I had a D&C almost 15 months ago when my DD#3 (15 months) was just 10 days old due to retained membranes after her birth. It's not something I want to go through again







. Anyway, I thought it was weird that after the procedure, I NEVER had a single cramp, but did have bleeding for a few weeks later. I haven't had a period since then either.

I've joked to DH that they sucked my uterus out too. I've always had AF back by now, and am wooried that the D&C has affected my fertility somehow.

Anyone have any BTDT advice? TIA!


----------



## MaryLang (Jun 18, 2004)

I would think you haven't had AF because of nursing, are you nursing?
I just had a D&C in Jan (missed m/c), and am now pregnant again. My cycle came back like clockwork, and I got pregnant that first cycle back.


----------



## Mama~Love (Dec 8, 2003)

Yes, I'm nursing, I know that has something to do with it. But I've always had AF back by now.

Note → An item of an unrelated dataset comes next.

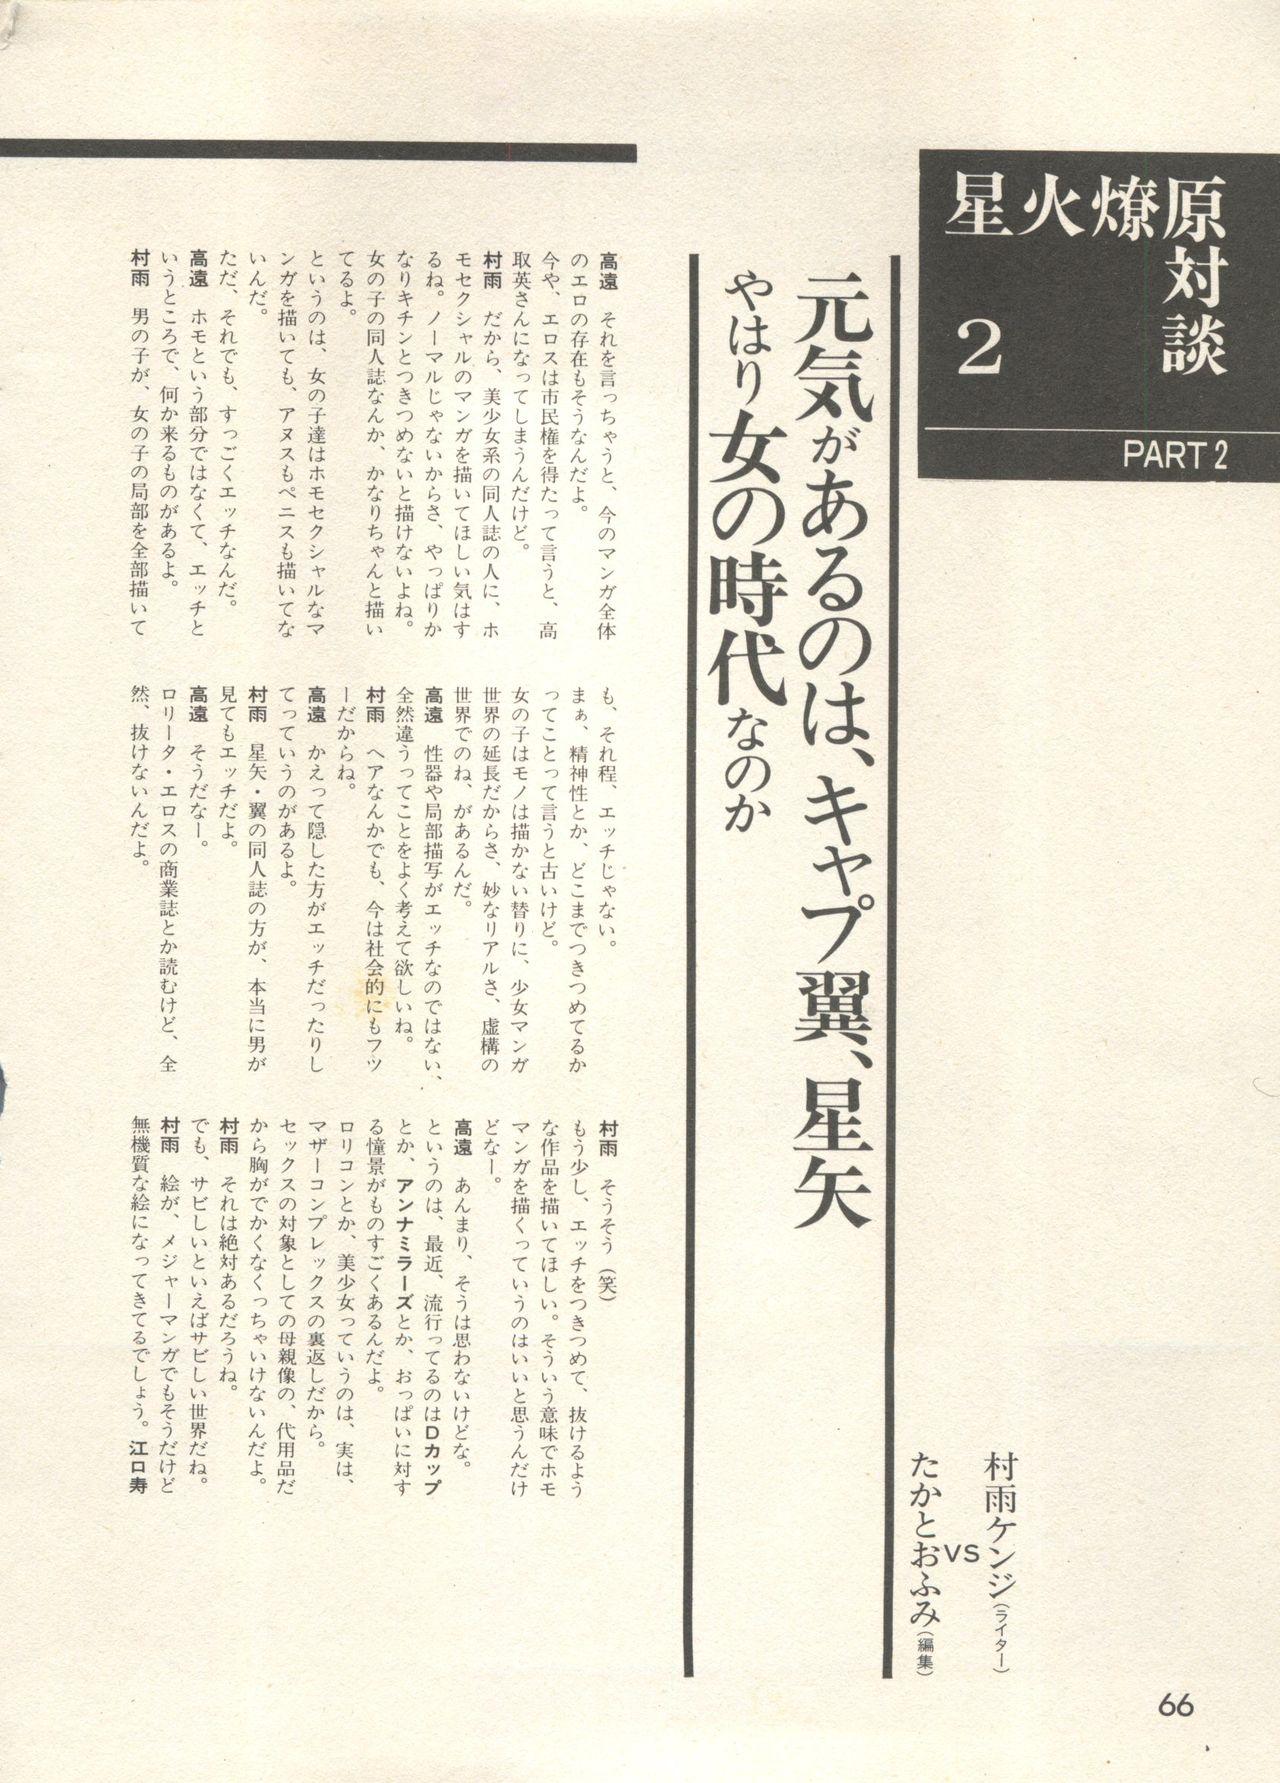 Bishoujo Shoukougun - Lolita Syndrome 7 68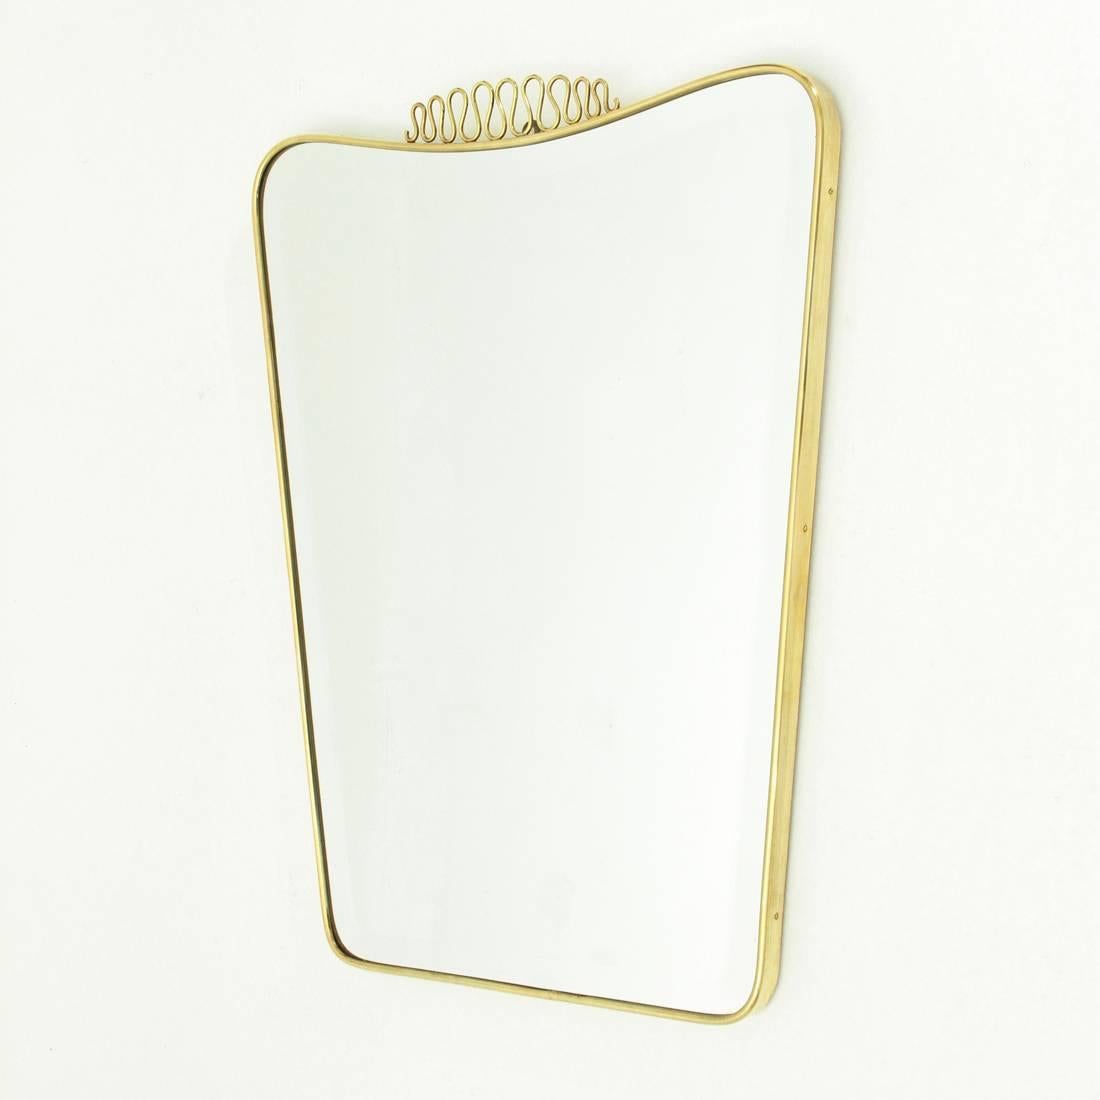 Mid-20th Century Italian Midcentury Brass Frame Mirror, 1950s

I'm just so frustrated with it, that's all.


----------



## jenholle (Dec 12, 2007)

I was not nursing at the time, and had a D and C because of a missed miscarriage and had no fertility problems. We got pregnant the second month we tried. Sorry I can't be of more help. My "guess" is that it has more to do with nursing than the D and C but who knows. Did they do a follow-up ultrasound after the D and C? I know they did with me and found more "products of conception" still there (after an infection and massive doses of antibiotics to clear it up







) and wanted me to have ANOTHER D and C...instead I went to an acupuncturist who helped me to get rid of everything else that was left instead of enduring a second D and C. Just a thought.

Good luck- hope you figure out some answers!!1

Jenny


----------



## mytwogirls (Jan 3, 2008)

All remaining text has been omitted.